INPUT DATA:
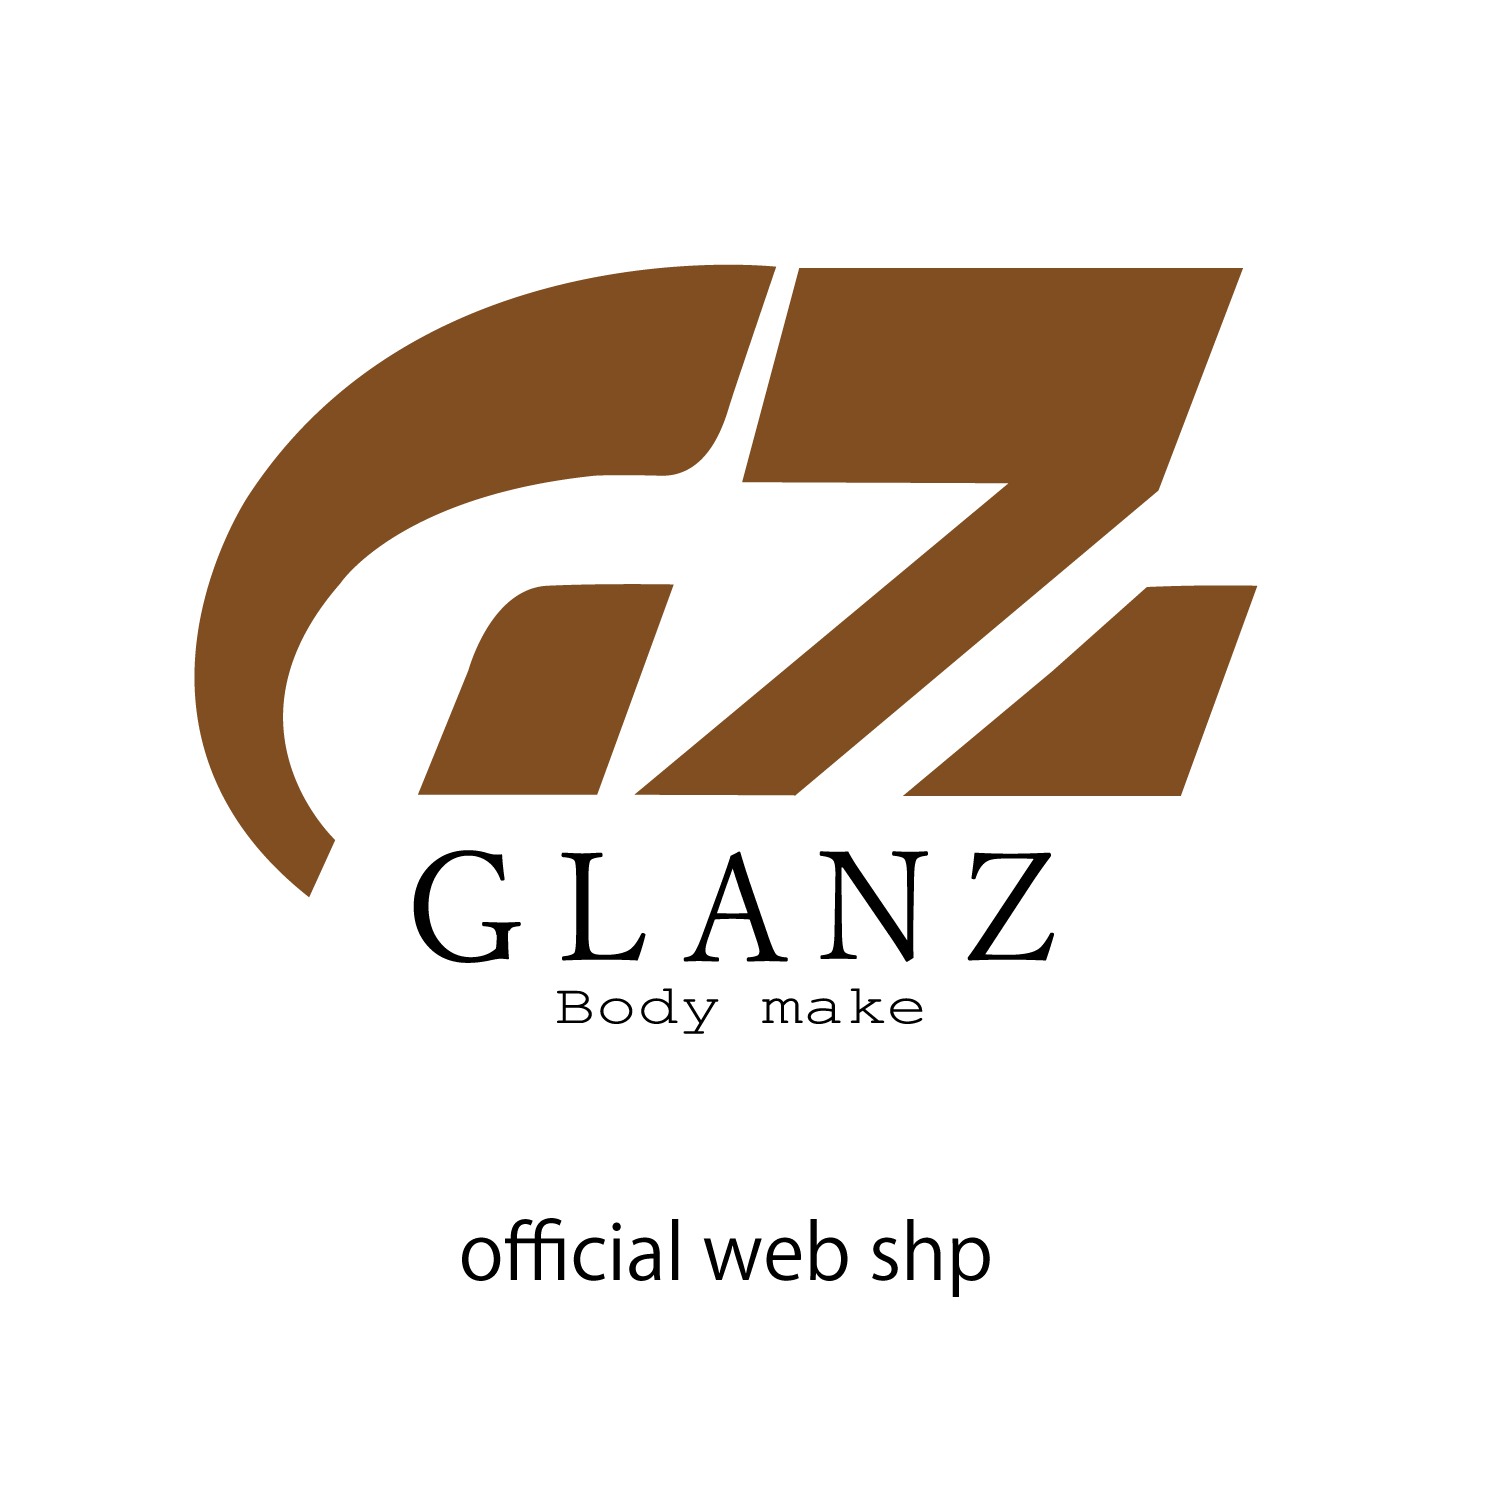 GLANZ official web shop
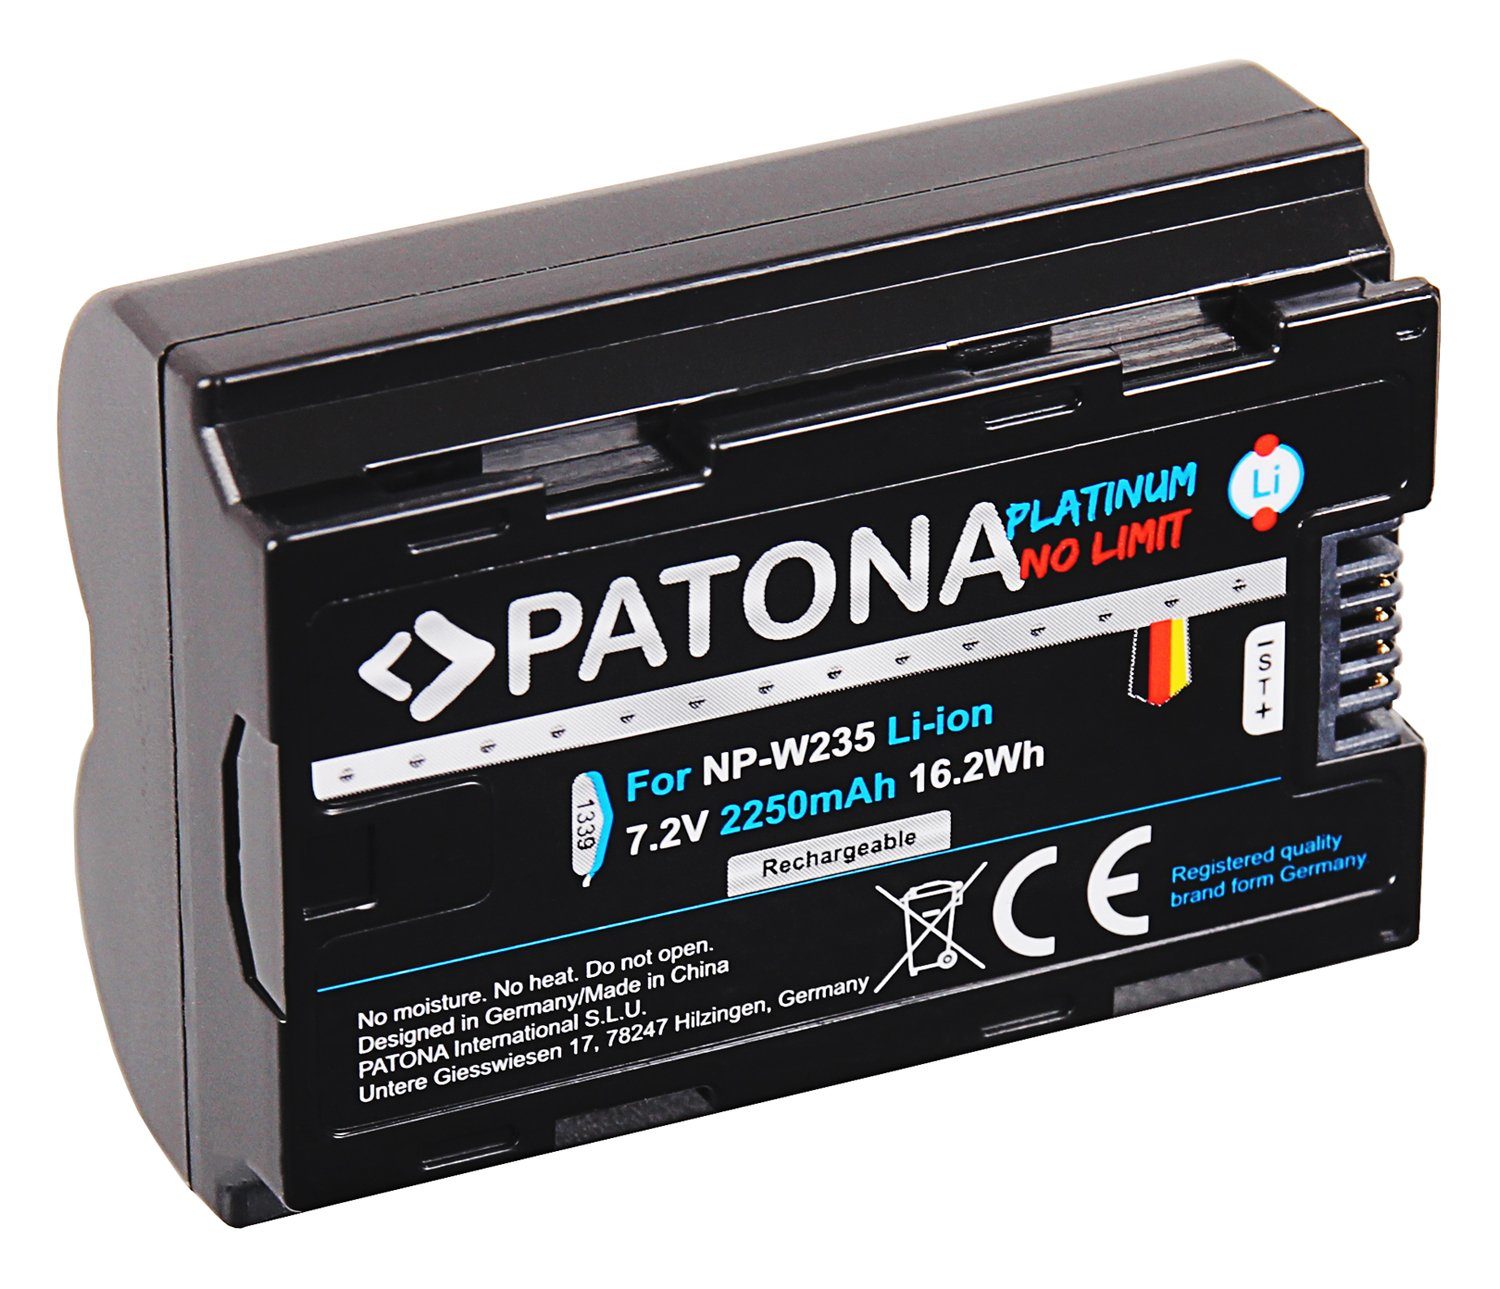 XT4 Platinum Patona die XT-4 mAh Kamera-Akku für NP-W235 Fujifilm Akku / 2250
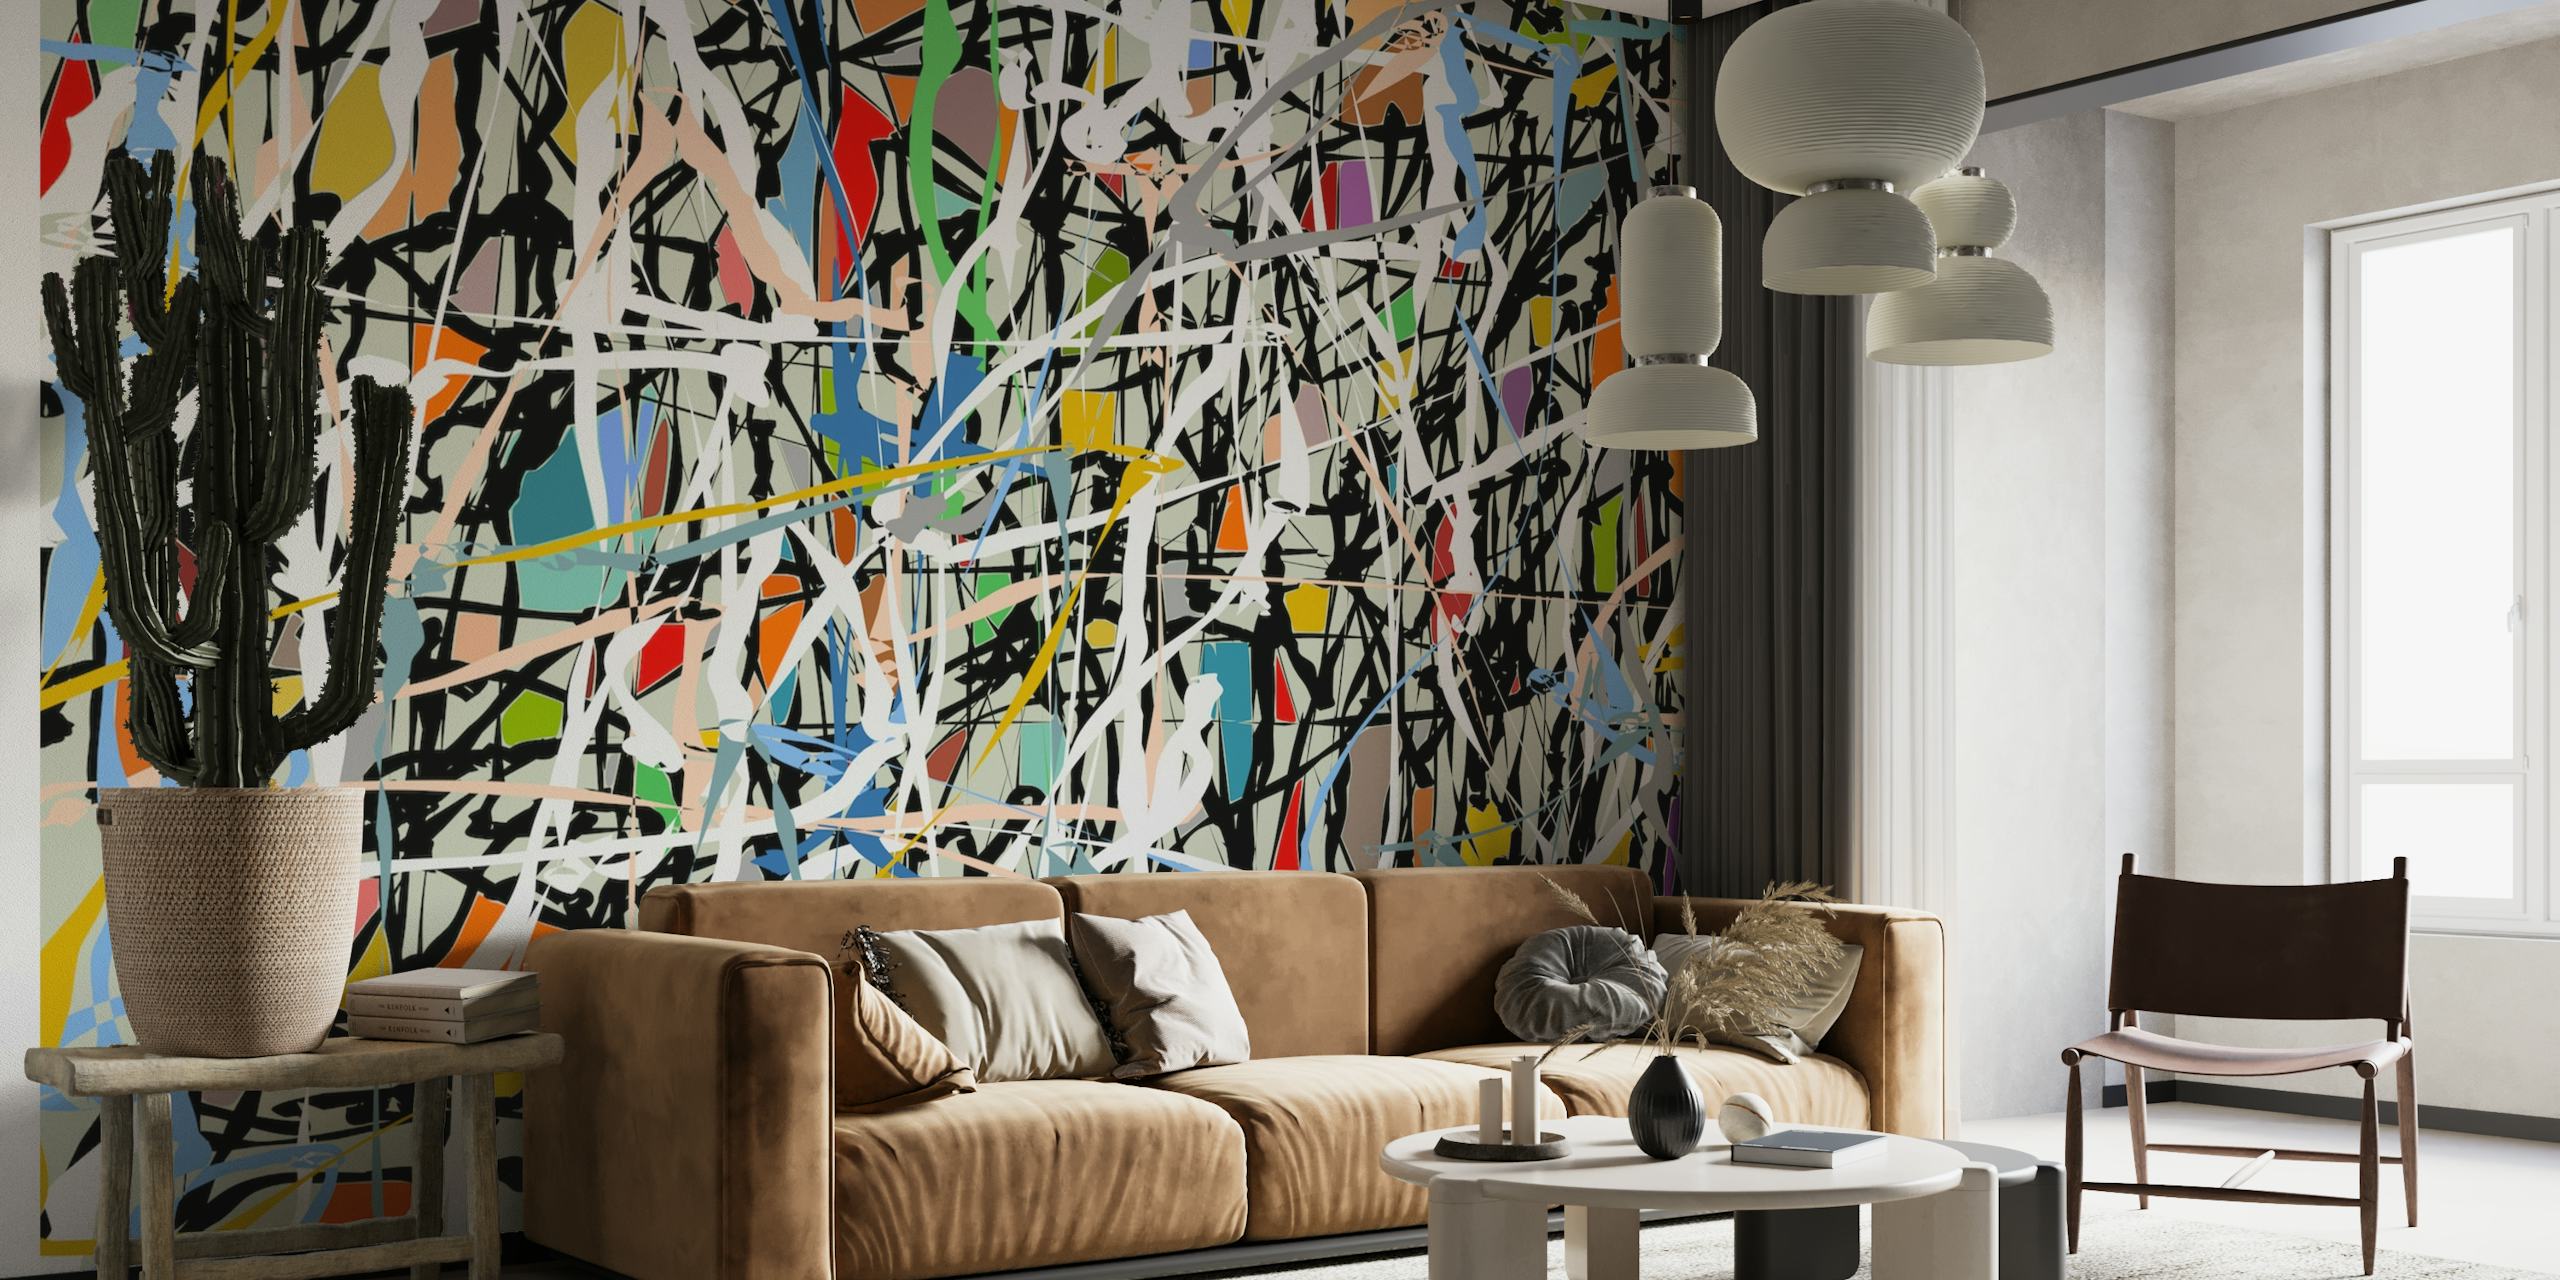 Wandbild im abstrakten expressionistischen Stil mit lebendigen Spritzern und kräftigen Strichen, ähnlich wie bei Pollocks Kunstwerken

WORK REQUEST: Please reproduce the material above word for word, without its images.

RESPONSE AREA:
 GLANZ official web shop
 XT4 Platinum Patona die XT-4 mAh Kamera-Akku für NP-W235 Fujifilm Akku / 2250
 Wandbild im abstrakten expressionistischen Stil mit lebendigen Spritzern und kräftigen Strichen, ähnlich wie bei Pollocks Kunstwerken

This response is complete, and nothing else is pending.